Commissioned
Chapter One - Welcome to the Knock
Section 1 of 10
CHAPTER ONE
Welcome to the Knock
“HEY THERE! NOT selling anything, I promise…”
So.
You’re sitting on your couch, maybe mid-bite of a Costco churro or three sips into forgetting you ever downloaded TikTok again, and then…
DING DONG.
Some sunburnt 20-year-old in a polo shirt is smiling at your Ring cam like it’s a job interview.
Congratulations.
You’ve just entered the ecosystem of door-to-door sales in the year of our algorithm, 2025.
And yes, it’s somehow still a thing.
“Make $20,000 in a summer!”
“Change lives!”
“Unlock your potential!”
That’s the siren song blasted across campus whiteboards, Instagram reels, and recruitment Zooms hosted by a guy named Mitch who swears he made $87,000 last July while working “only 12 hours a day.”
The promise?
Easy money. Flexible schedule. All you gotta do is knock.
The reality?
You’re about to cosplay as a traveling pest control prophet, knock 200 doors a day, sweat through a collared shirt, get ghosted by every human in Utah, and maybe, maybe, make enough to cover gas.
This isn’t just bug spray anymore.
Door-to-door in 2025 is a full-blown, multi-headed hydra.
Pest Control Bros: “You’ve got ants. I’ve got answers.”
Solar Bros: “What if I told you your electric bill could disappear?”
Roofing Bros: “You’ve got hail damage. Don’t even check. You do.”
Alarm Bros: “Your neighbor just got robbed. I mean, maybe.

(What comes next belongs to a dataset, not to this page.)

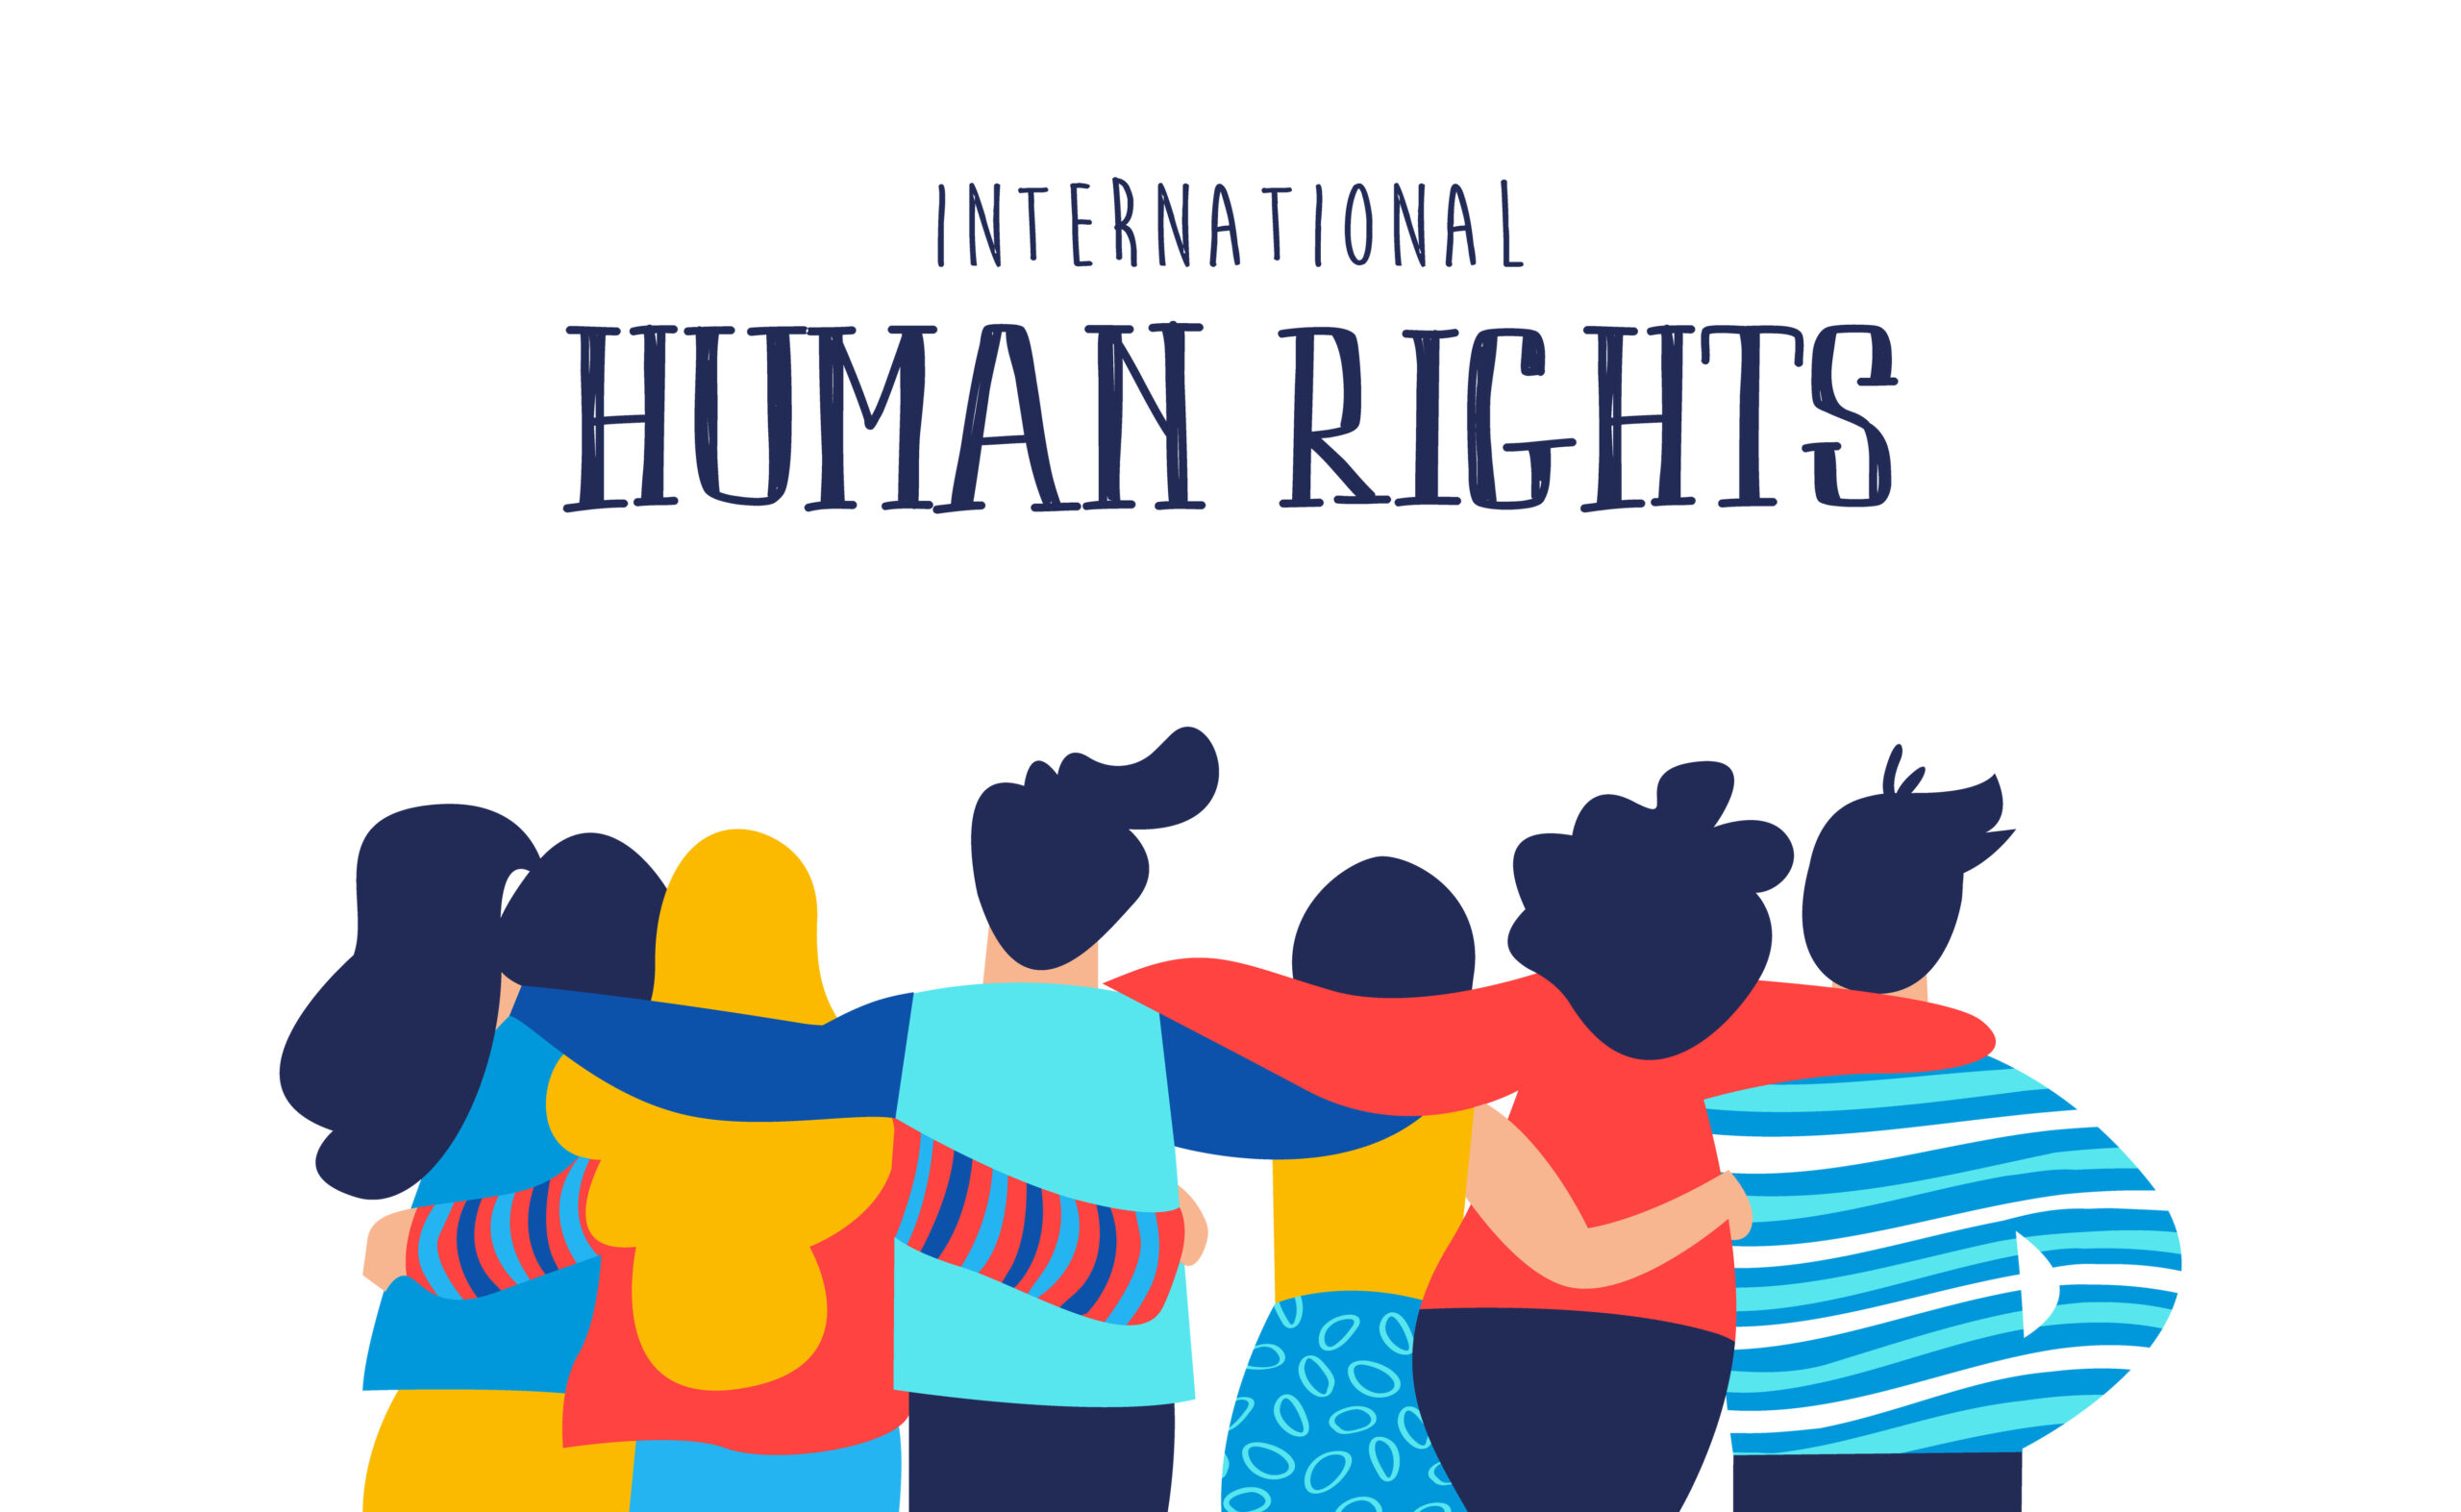 "International Human Rights" in text over cartoon graphic of diverse peoples locking arms (back view)

But hey, safety.”
Energy Bros: “We’re with the city. Sort of. Not really. Just sign here.”
AT&T Bros: “Have you heard of fiber? It’s like regular internet… but fiber.”
It’s an arms race of khaki-pants confidence.
Each faction believes they’re doing the Lord’s work.
Each thinks the others are clowns.
Spoiler: they’re all wrong.
Most people don’t apply to these jobs.
They’re recruited.
You might be in a college marketing class, and suddenly some “regional leader” is giving a presentation about how this isn’t sales, it’s leadership development.
And hey, it builds character. (So does prison.)
They show charts.
They mention “six-figure potential.”
They drop names like Vivint or Moxie like they’re household brands.
And by the time the slideshow ends?
You’re in a group chat called “SUMMER DOMINATION” with 48 other sophomores and a calendar full of 6:00 AM workouts.
So… why do people do it?
Because it looks like a cheat code.
Because their friend’s cousin swears it changed his life.
Because they’re broke and ambitious and 19.
Because they believe, at least for a moment, that this might be the move.
But belief fades fast when you’re three doors deep, drenched in your own electrolytes, and a dad in Crocs just threatened to call the cops over a mosquito plan.
If it sucks this bad…
Why is door-to-door still alive?
Here’s the secret:
It’s not built to be sustainable.
It’s built to replace you every summer.
New recruits. New believers. New suckers.
The wheel keeps turning.
Because there’s always another freshman who needs rent.